JAMESTOWN TO BRUNSWICK COUNTY

JAMESTOWN

In 1606 the king of England, James I, granted a private company of investors the right to establish another colony m Virginia. The London Company hoped to profit from the export of forest products and precious metals.

Three company ships set sail from England in December. After an unusually lengthy voyage, the 104 colonists arrived at the mouth of the Chesapeake Bay in April of 1607. They sailed up the James River (named after their king) in search of a suitable place for a settlement. They chose a small peninsula jutting out into the river some 40 miles inland. The water near the shoreline was deep. Being able to bring their large ships close to shore made unloading easier, but the site was a poor choice overall. Clean drinking water was not available there, and the surrounding land was low, swampy, and a breeding ground for disease.

They named the colony Jamestown. The settlement began under a communal arrangement. The London Company owned all the land, and the settlers were expected to work for the company and for the welfare of the group for a certain number of years.

The conditions were formidable, and provisions brought from England were inadequate. Most of the settlers were English gentlemen from upper-class families and lacked the necessary skills to survive in a wilderness. They were unaccustomed to manual labor, and many believed that such work was beneath them. After building a fort and a few simple structures inside the one-acre enclosure, time and energy were wasted searching for gold, which did not exist in the area. Within six months half the colony had died from disease or starvation.

The arrival of supplies and more settlers from England over the next two years, including the first women, helped only temporarily.

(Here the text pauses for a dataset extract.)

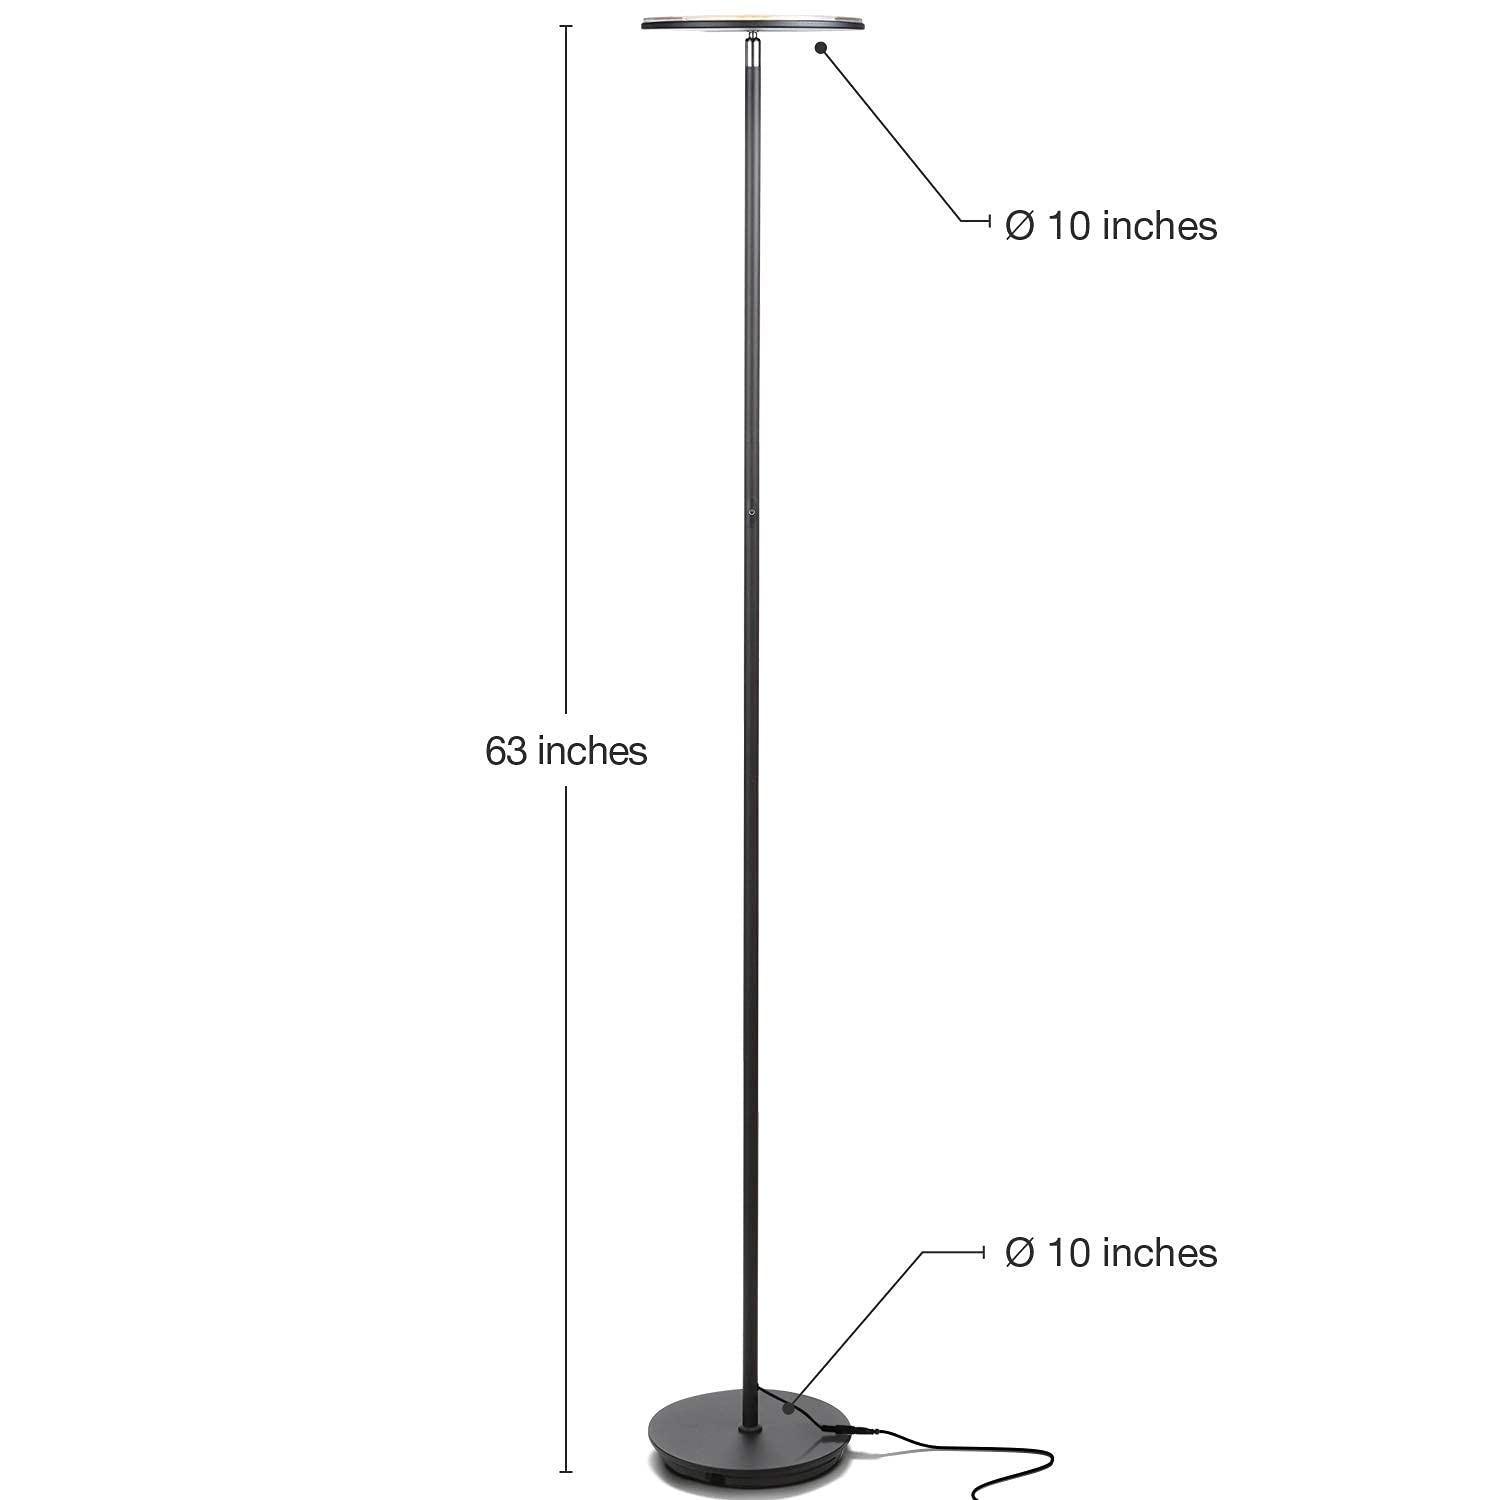 Brightech Sky LED Torchiere Super Bright Floor Lamp - Contemporary, High Lumen Light for Living Rooms & Offices - Dimmable, Indoor Pole Uplight for Bedroom Reading - Black

Most of the new settlers were equally ill-suited to the demands of the colony. Food shortages were   persistent problem. Captain John Smith assumed leadership of the colony and imposed strict discipline that included the warning: “He that will not work shall not eat. Smith kept the colony in reasonably good condition until a gunpowder burn forced him to return to England for treatment. 

The winter after Smith’s departure was known as “the starvmg time.” The situation became so desperate that settlers ate weeds and rats to survive. When supply ships arrived in May of 1610, only 60 feeble colonists were left alive. Given the seemingly hopeless situ­ation, the commander of the ships thought it best to load up the colonists and return to England. Before reaching the mouth of the James River they were met by three ships arriving from England with abundant provisions, healthy settlers, and a new leader. The James­town survivors were ordered to tum back and try again with the new arrivals.

Life in Jamestown gradually improved, and other settlements were established nearby. Relations with the Indians were friendly at times and hostile at others. In 1614 one of the colonists, John Rolfe, married Pocahontas, the daughter of the most powerful Indian chief in the area. Their marriage brought temporary peace with the Indians.

Allocating land to the colonists for their private use had a dramatic effect. Settlers worked harder on their own land than they did on land that belonged to the company. Food shortages became a thing of the past. Tobacco also played a major role in establishing the colony. The plant grew well in Virginia, and the demand for tobacco in England gave Jamestown its first cash crop.

It took years for the colony to become secure, but Jamestown continued and took its place in history as the first permanent English settlement in America.

In 1619 representative government was introduced when delegates from Jamestown and the surrounding settlements met to make laws for the entire Virginia colony. Their assembly, known as the House of Burgesses, was the first legislature of elected representatives in the New World.

As for Pocahontas – in 1616 she and her husband and their infant son sailed to England where she was a celebrated visitor. The following year, just as the family was setting out on the return voyage to America, Pocahontas became seriously ill and died at the age of 22. She was buried in England.